Young people want better security for women (“I am a young girl who is teased by lecherous men everyday on the roads,” says 20-year-old Anwesha Dhar, a student of English from Kolkata). They want a sustainable development model (“Small towns and villages grapple with poverty and ignorance every day,” says Mayank Jain, 20, final year student of business studies at Delhi University). They wnat basic human rights (“Child labor, malnourishment, trafficking are all pervasive and appalling and need immediate action,” says Meghana Rathore, 20, a political science student from New Delhi).
Issues like gay rights too, which hadn’t bothered young Indians much in the past, are important this year. The Supreme Court made gay sex a criminal offense in 2013, overturning an historical judgment by a lower court that had decriminalized homosexuality in 2009. “There has to be a change in the way society looks at us,” says a 20-year-old, gay student of fashion design, Shadwal Srivastava. “That can only come from raising awareness and stopping the comic and often trivial portrayal of gay people in television and movies.”

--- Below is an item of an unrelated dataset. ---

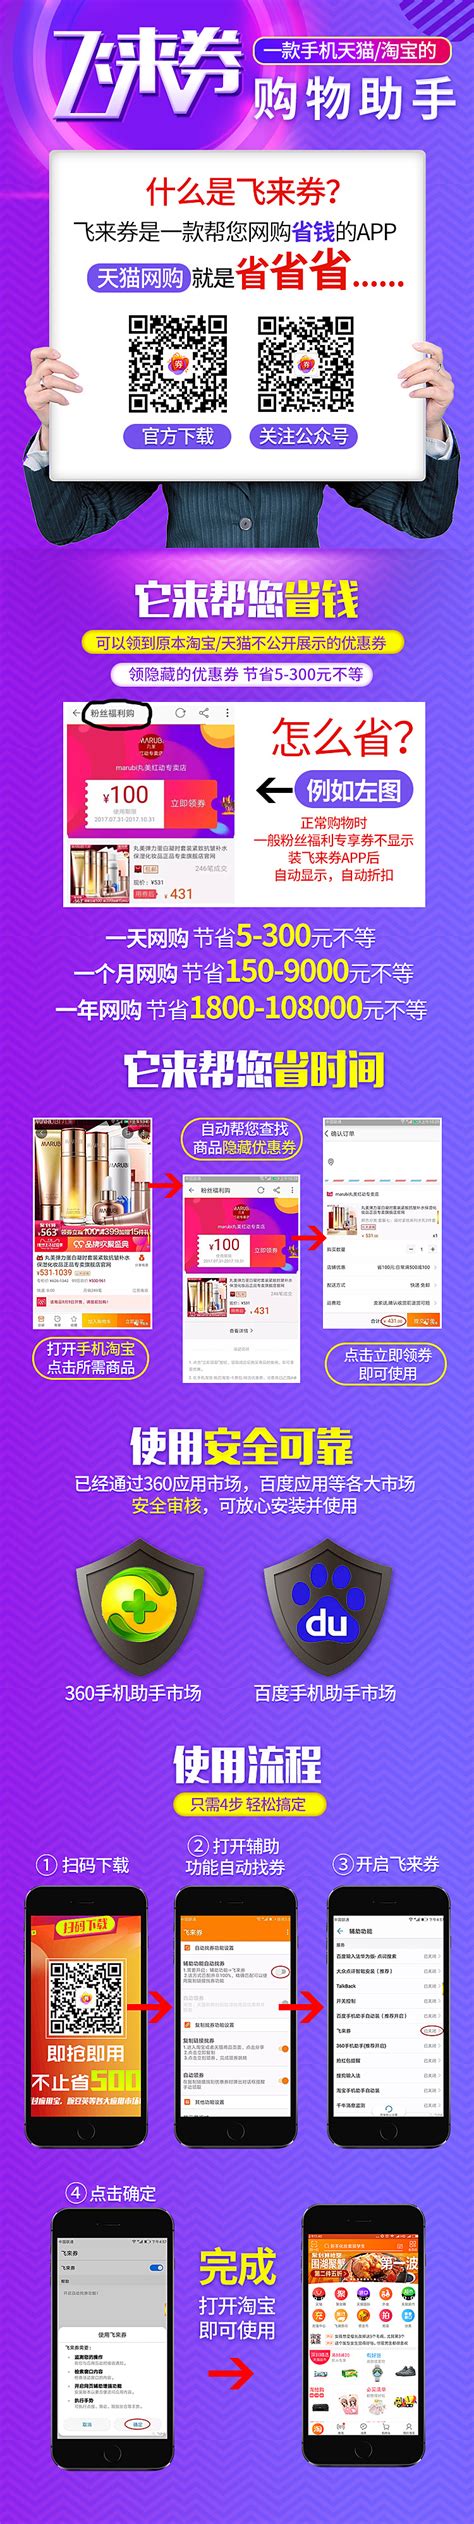 App广告截图集|平面|宣传品|christalhuang - 原创作品 - 站酷 (ZCOOL)
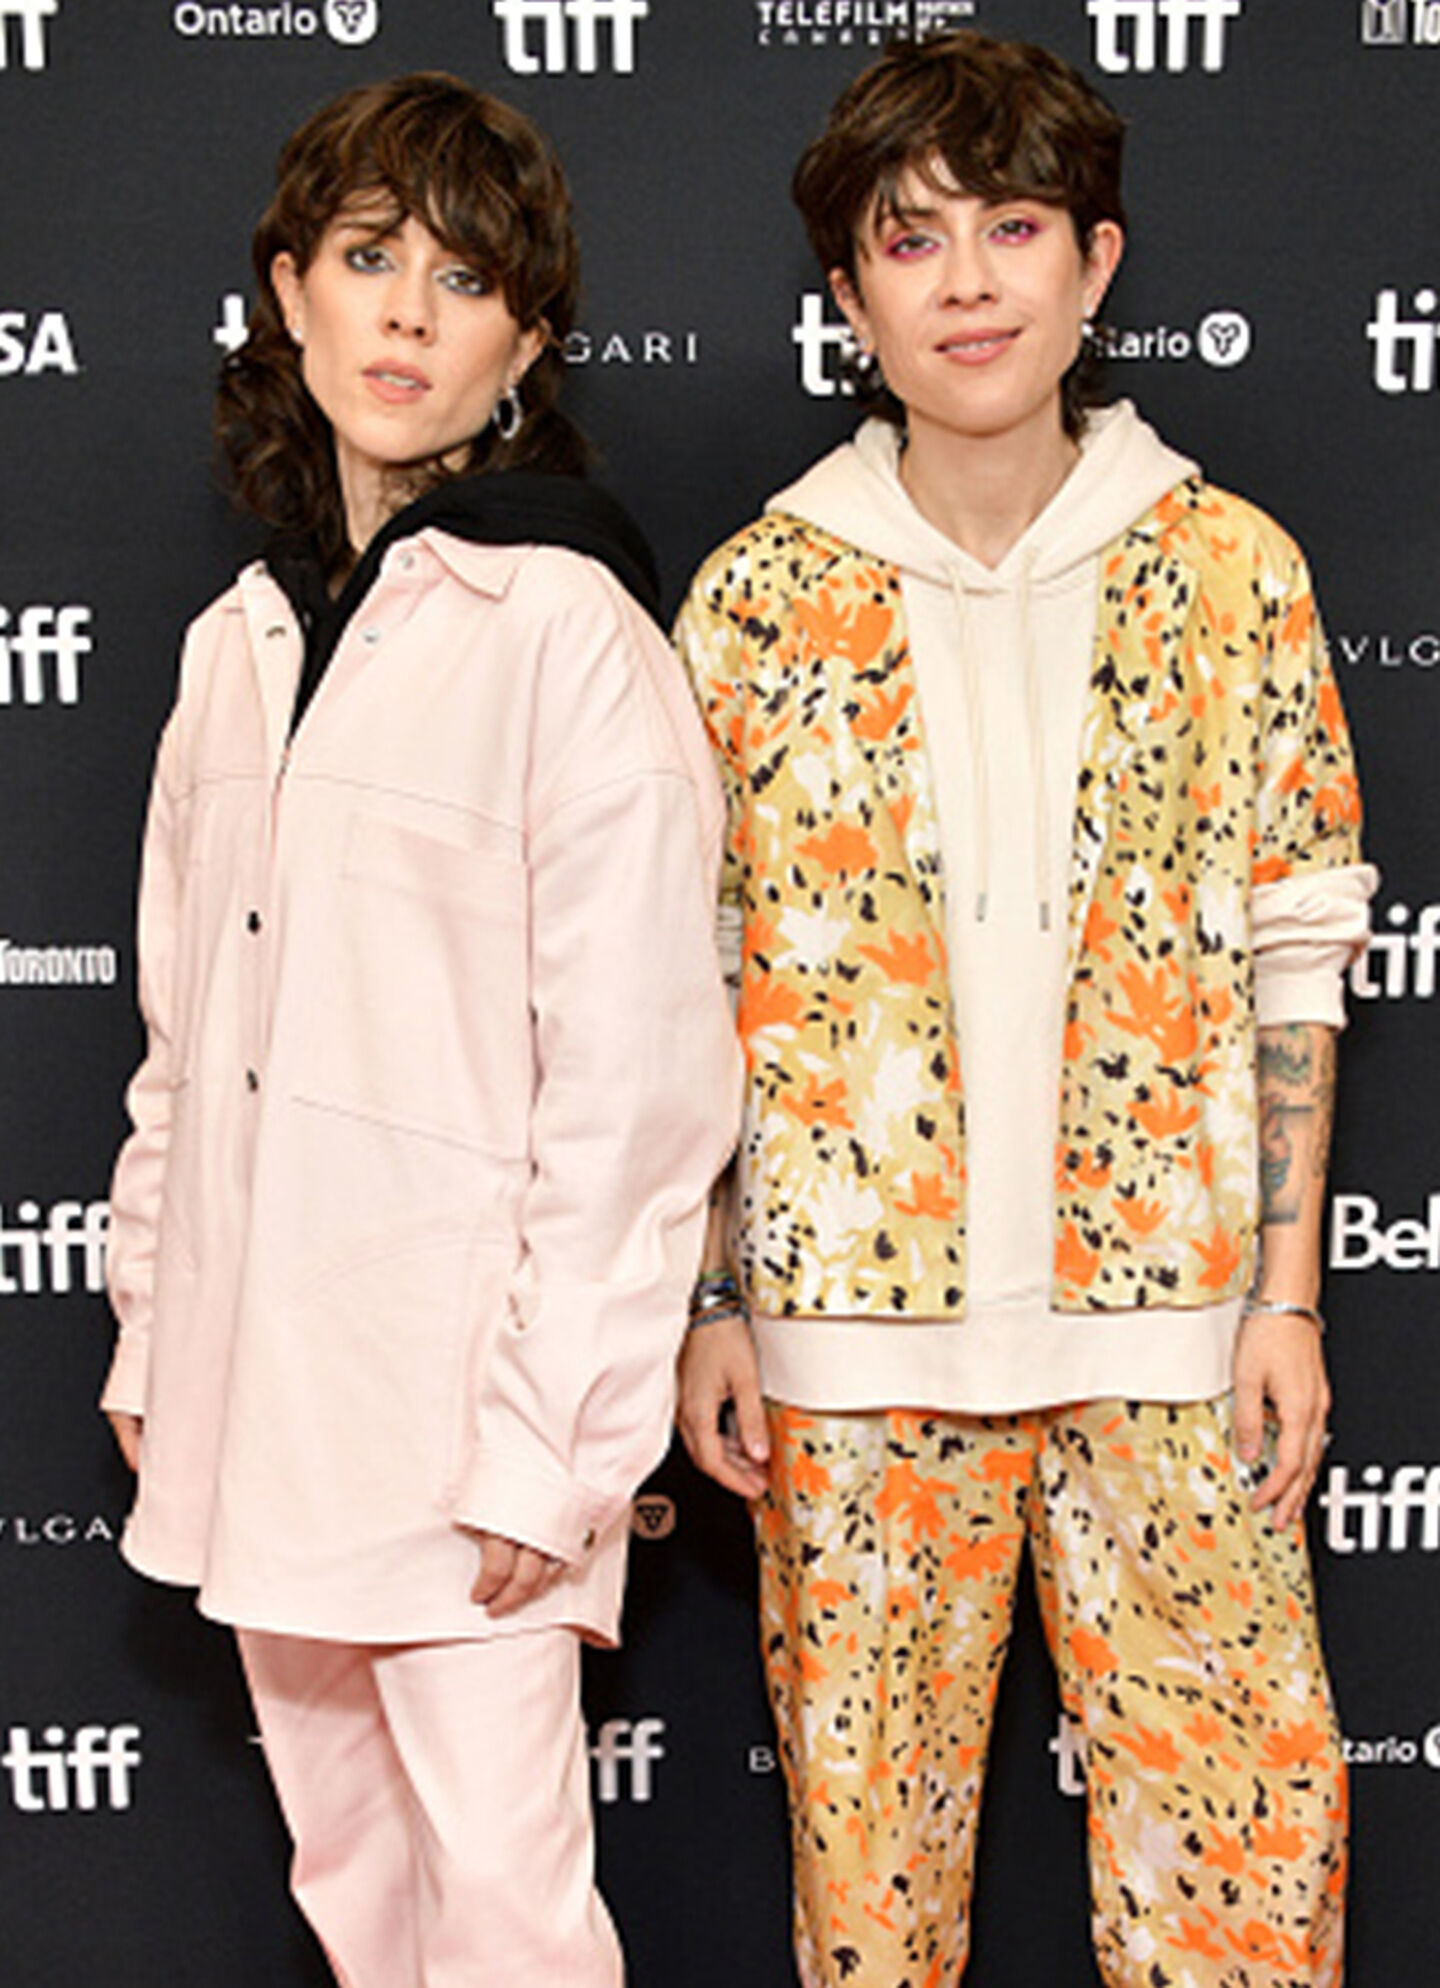 Tegan and Sara wearing Birks jewelry.

It is a heartening sign for the Indian democracy that first time voters like Srivastava are more forthcoming with their ideas on politics, politicians and their expectations. Wooed by political parties across the board as an important vote bank, they have been swayed equally by anger against the ruling Congress party, the rise of the opposition Bharatiya Janata Party’s prime ministerial candidate Narendra Modi, and the emergence of neophytes like Arvind Kejriwal, a middle class Indian who claims to represent the common man with his anti-graft Aam Aadmi Party.
“A few years back I thought my vote didn’t matter,” Srivastava says. “Today I know better. If we want change, we will have to work towards it.”